Identité réellement implémentée

Le backend accepte uniquement des JWT signés avec un algorithme asymétrique autorisé. Il vérifie la signature depuis le JWKS HTTPS, l'issuer exact, l'audience, l'expiration, la date d'émission et le sujet. Les droits viennent ensuite de PostgreSQL, jamais des boutons de l'interface ni d'un rôle commercial placé dans le jeton. Une permission de workspace ne vaut pas dans un autre workspace. L'administration ajoute une preuve MFA et un âge maximal du jeton.

Le fournisseur Google OIDC est configuré et intégré à yisin-web et yisin-admin.

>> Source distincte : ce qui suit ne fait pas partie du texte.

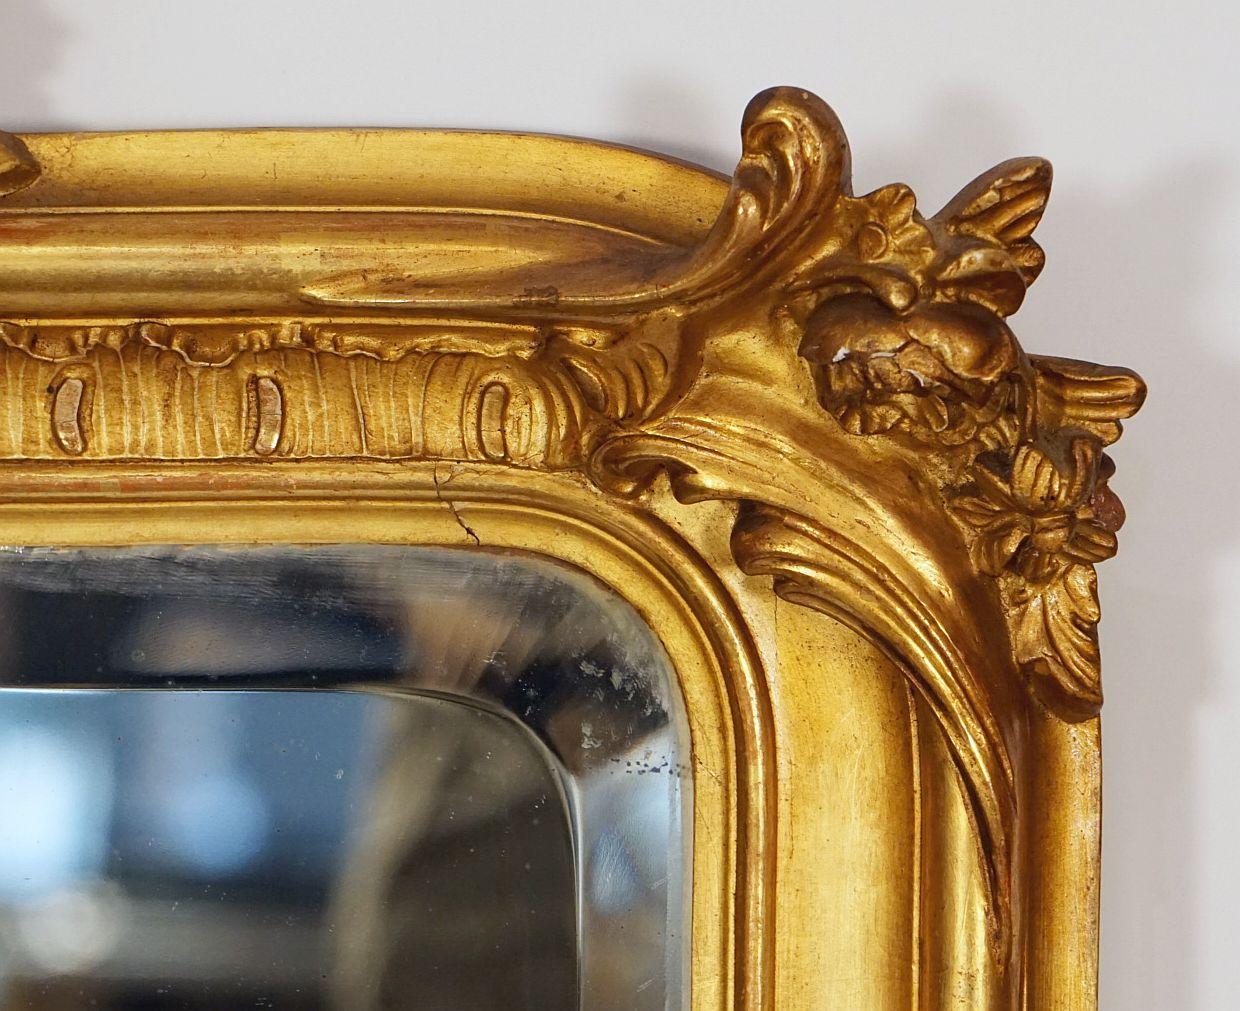 Large French Gilt Pier Mirror from the 19th Century (H 56 x W 37) For Sale 12

Le jeton Google standard ne constitue pas une preuve MFA amr/acr : l'administration complète donc cette identité par une MFA TOTP native, chiffrée au repos, vérifiée par l'API et matérialisée par une session MFA HttpOnly à durée limitée. L'activation du facteur ne vaut pas preuve de session ; un challenge réussi est requis avant toute mutation sensible.

Déploiement Oracle

La VM Oracle ARM actuelle peut héberger API, interfaces, Qdrant et services légers. Elle ne possède pas de GPU : elle n'est pas la cible d'entraînement QLoRA et ne garantit pas une inférence confortable de Mistral 7B. L'entraînement reste sur Colab ; le choix final d'inférence dépendra des mesures de latence, mémoire, confidentialité et coût.

Conditions avant ouverture

TLS, sauvegardes restaurées en test, OIDC/MFA, politique de conservation, rotation des secrets, supervision, procédure d'incident et tests d'autorisation sont des conditions de mise en service — pas des améliorations facultatives après lancement.